Democrático...
ou “viagem desde o castelo das cinco quinas até aos
túmulos de O Mestre de Avis e O Formoso... de escadote”
Depois de um
longo período de autoisolamento, homem de 68 anos vítima de acidente na via em
frente à sua moradia!
Esta frase com
que iniciei o texto que me propus escrever, poderia muito bem ser o título
bombástico de uma notícia de jornal, ou mesmo televisiva, neste tempo em que as
mortes que vão sendo anunciadas são essencialmente aquelas que resultam do
efeito maléfico da pandemia, mortes essas que, por força de as ouvirmos
diariamente, já não nos deixam a mesma sensação de vazio e dor que nos
transmitiam nos primeiros dias.
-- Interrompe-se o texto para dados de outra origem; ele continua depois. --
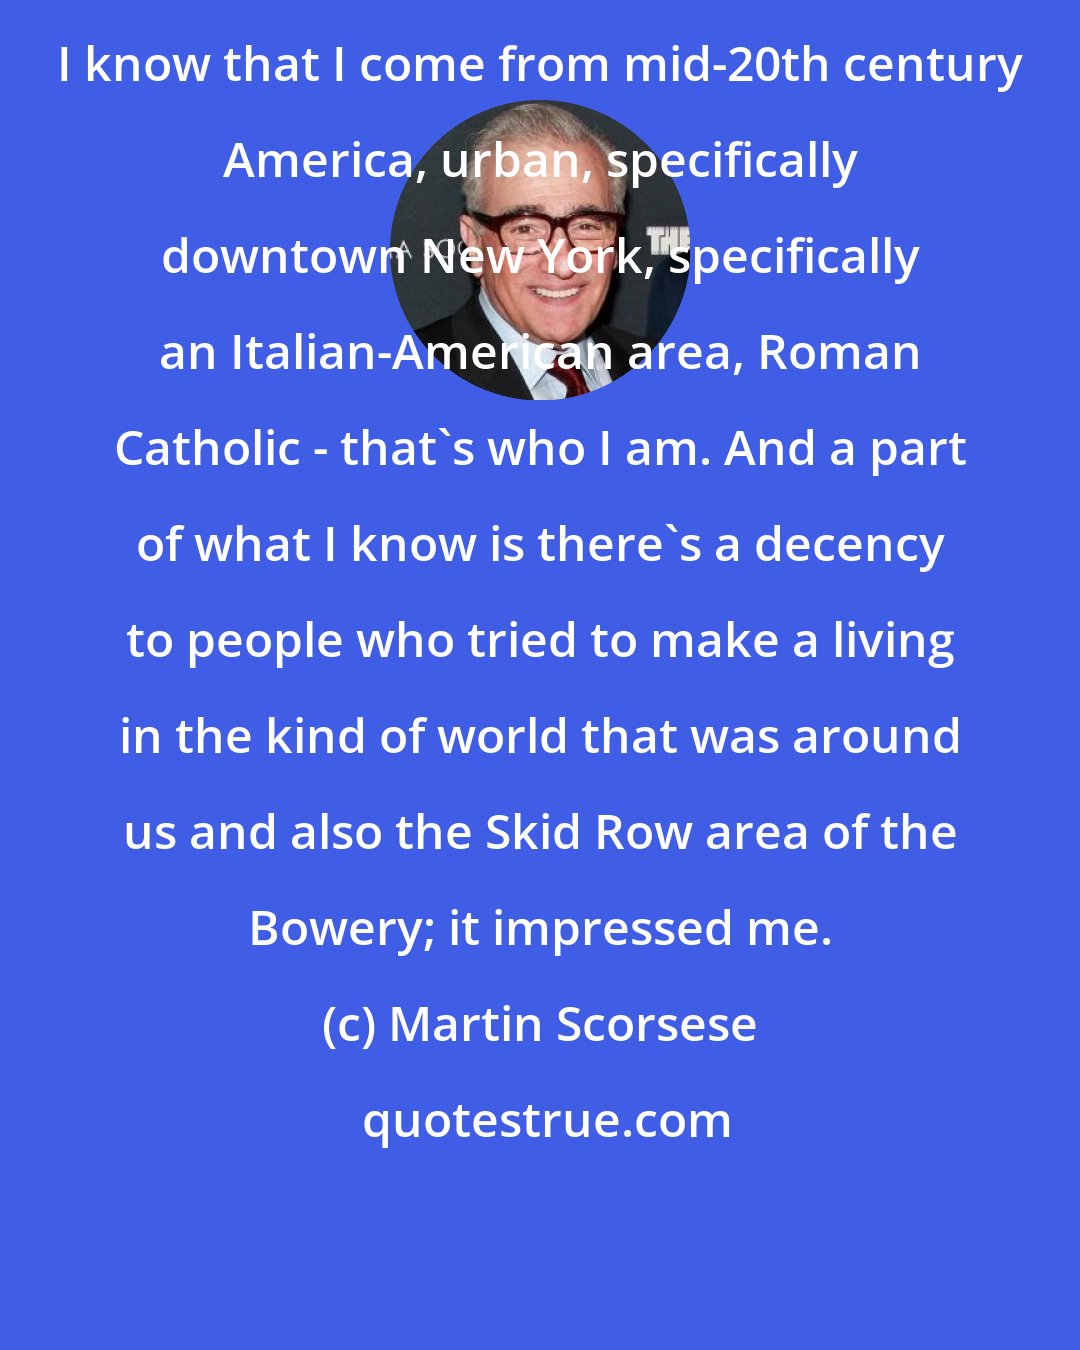 Martin Scorsese: I know that I come from mid-20th century America, urban, specifically downtown New York, specifically an Italian-American area, Roman Catholic - that's who I am. And a part of what I know is there's a decency to people who tried to make a living in the kind of world that was around us and also the Skid Row area of the Bowery; it impressed me.

É algo estranho, mas é um facto.
Um tal título
poderia provocar reações como “ coitado, a cumprir à risca o isolamento e morre
assim, atropelado na via pública?”
Acontece que o
tal homem não morreu, nem ficou doido, nem sequer foi atropelado, e que o
desastre viário em questão não foi nem
de carro, nem de mota, autocarro ou camião. Tratou-se de um desastre de
escadote!
Passo a contar o
que se passou. O tal indivíduo cujo nome é... Não !Ele pediu-me que não o
nomeasse e, por isso, para não cair nessa tentação, a narração continua na
primeira pessoa, fazendo de conta que tudo se passou comigo.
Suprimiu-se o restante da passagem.